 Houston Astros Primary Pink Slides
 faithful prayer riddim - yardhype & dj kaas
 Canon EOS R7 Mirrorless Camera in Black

· · · · ·

Prompt ::
Return the whole listing above verbatim.

Written answer ::
 Houston Astros Primary Pink Slides
 faithful prayer riddim - yardhype & dj kaas
 Canon EOS R7 Mirrorless Camera in Black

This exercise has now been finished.